Treatment Options in the 2L for HER2-Low Disease Including ADCs and Endocrine Therapy

Treatment sequencing for HER2-low breast cancer prioritizes endocrine-based approaches for up to 3 to 4 lines, depending on response patterns and disease burden, reserving ADCs for endocrine-refractory disease or specific clinical scenarios. The exception involves primary endocrine-resistant tumors, defined as those with benefit of 6 months or less from first-line therapy, where earlier introduction of chemotherapy or ADCs may be warranted even with responses lasting up to 8 months when clinical concern exists about endocrine sensitivity.

Trastuzumab deruxtecan approval for HER2-low tumors (immunohistochemistry of 1+ or 2+ nonamplified) following Destiny-Breast04 trial results provides an option after at least 1 line but no more than 2 lines of chemotherapy. The Destiny-Breast06 trial expanded this evidence to chemotherapy-naive patients and demonstrated activity in HER2-ultralow tumors (≤10% incomplete membrane staining), broadening the eligible patient population beyond traditional HER2-low definitions.

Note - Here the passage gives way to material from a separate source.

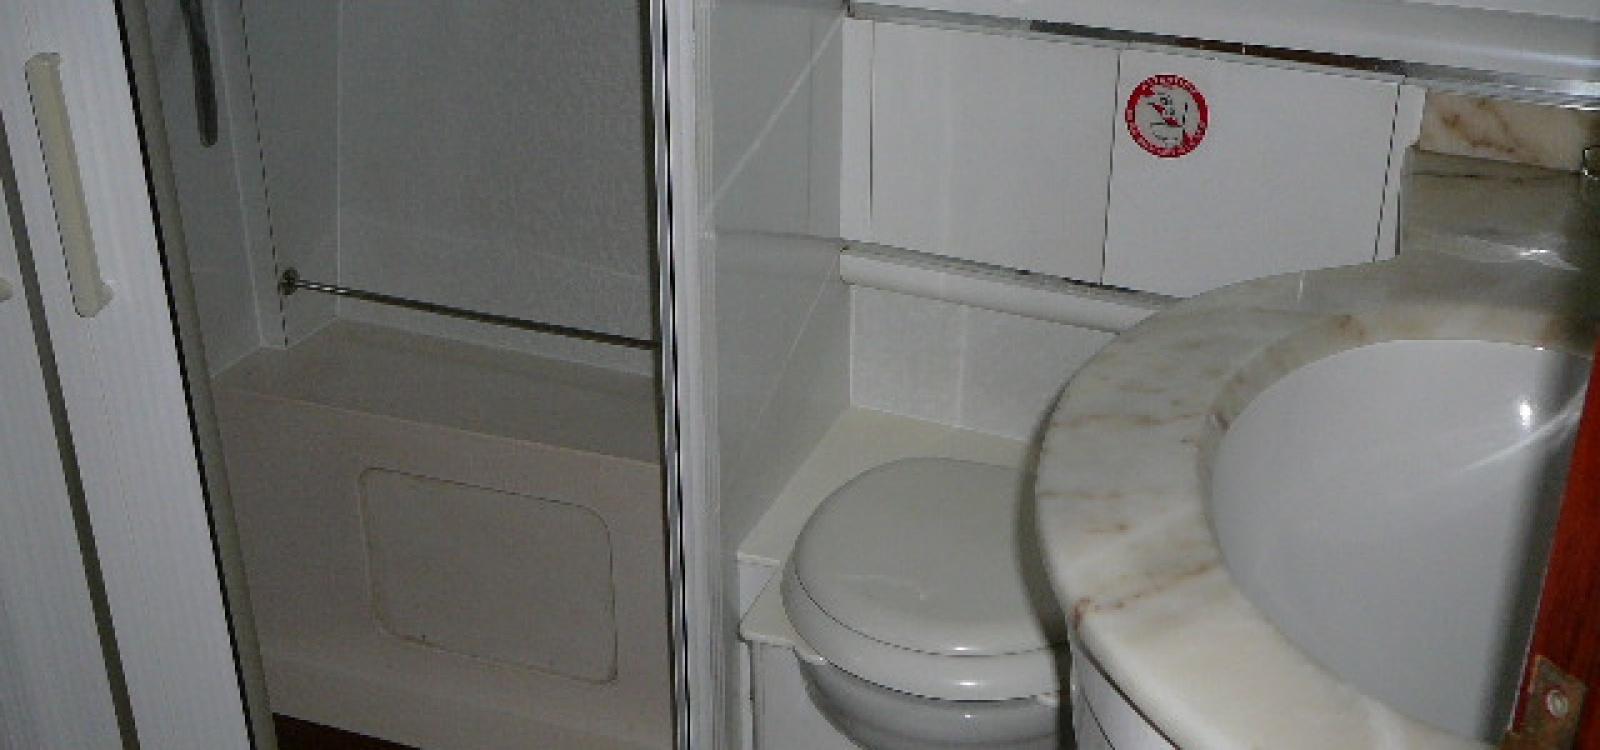 EL MASNOU,Barcelona,España,5 Habitaciones Habitaciones,3 LavabosLavabos,Barco a motor,1996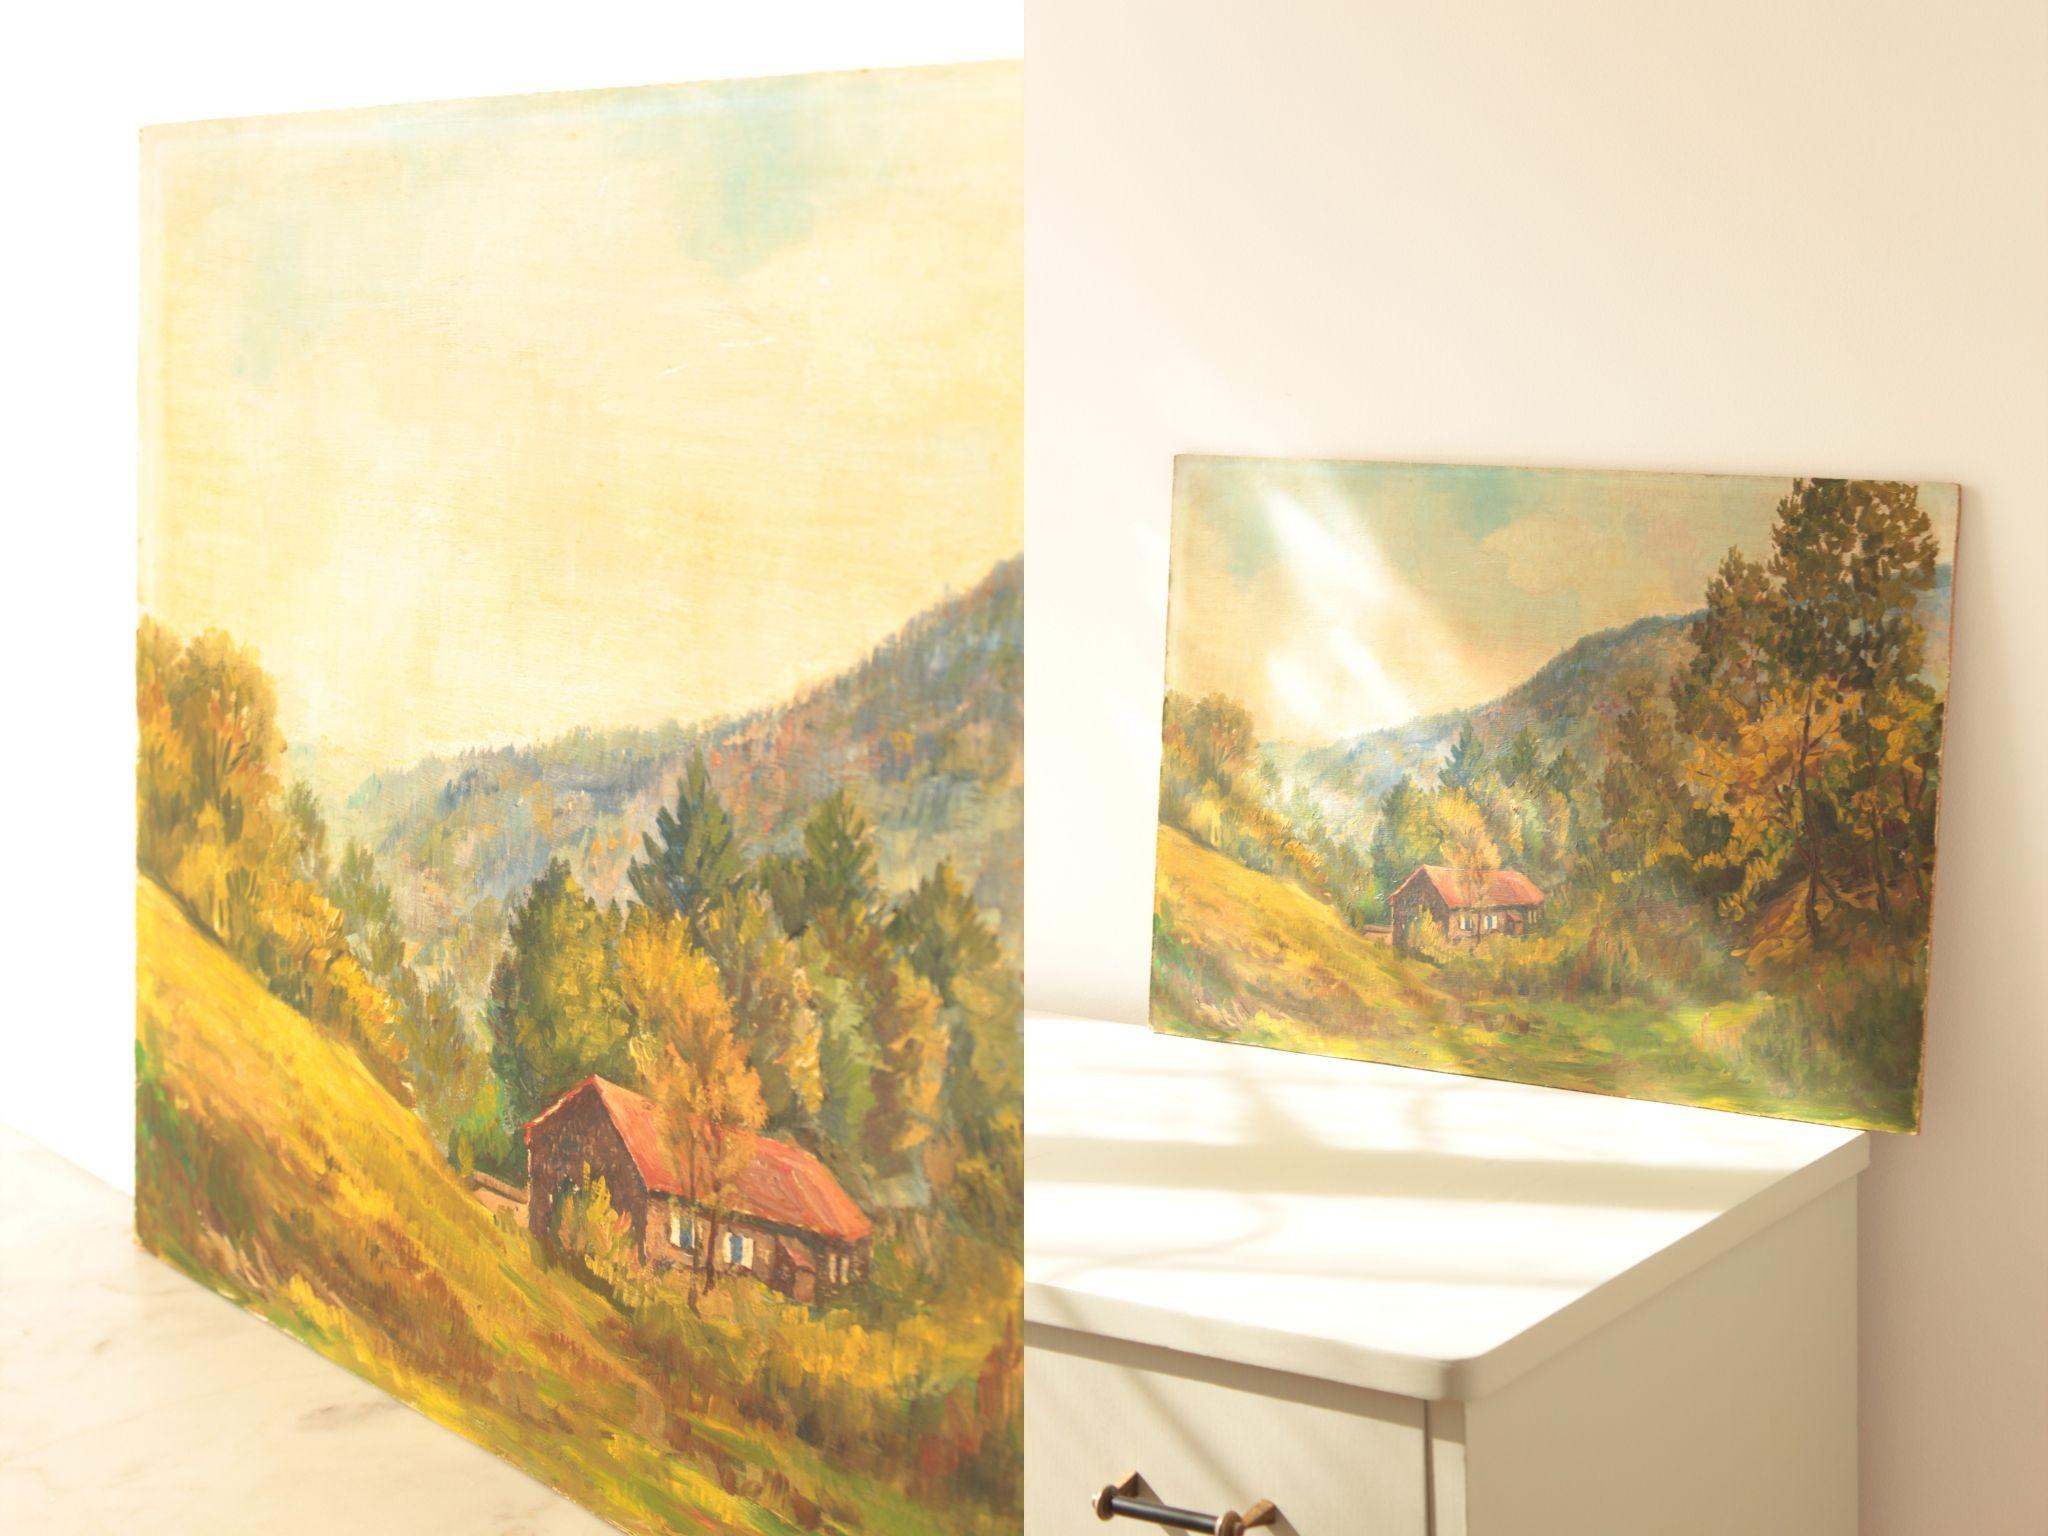 tableau décoratif chambre enfant vintage paysage TRENDY LITTLE

Clinical implementation considers disease progression rate, visceral involvement, prior toxicities, and patient performance status when deciding between continued endocrine approaches vs ADC therapy. Primary endocrine resistance, represented by 9% of patients in Destiny-Breast06 with less than 6-month benefit from first-line CDK4/6 inhibitor therapy, identifies a population suitable for earlier ADC intervention. The decision-making process balances the proven efficacy of endocrine combinations against the robust activity of T-DXd in HER2-expressing tumors when endocrine approaches are no longer effective.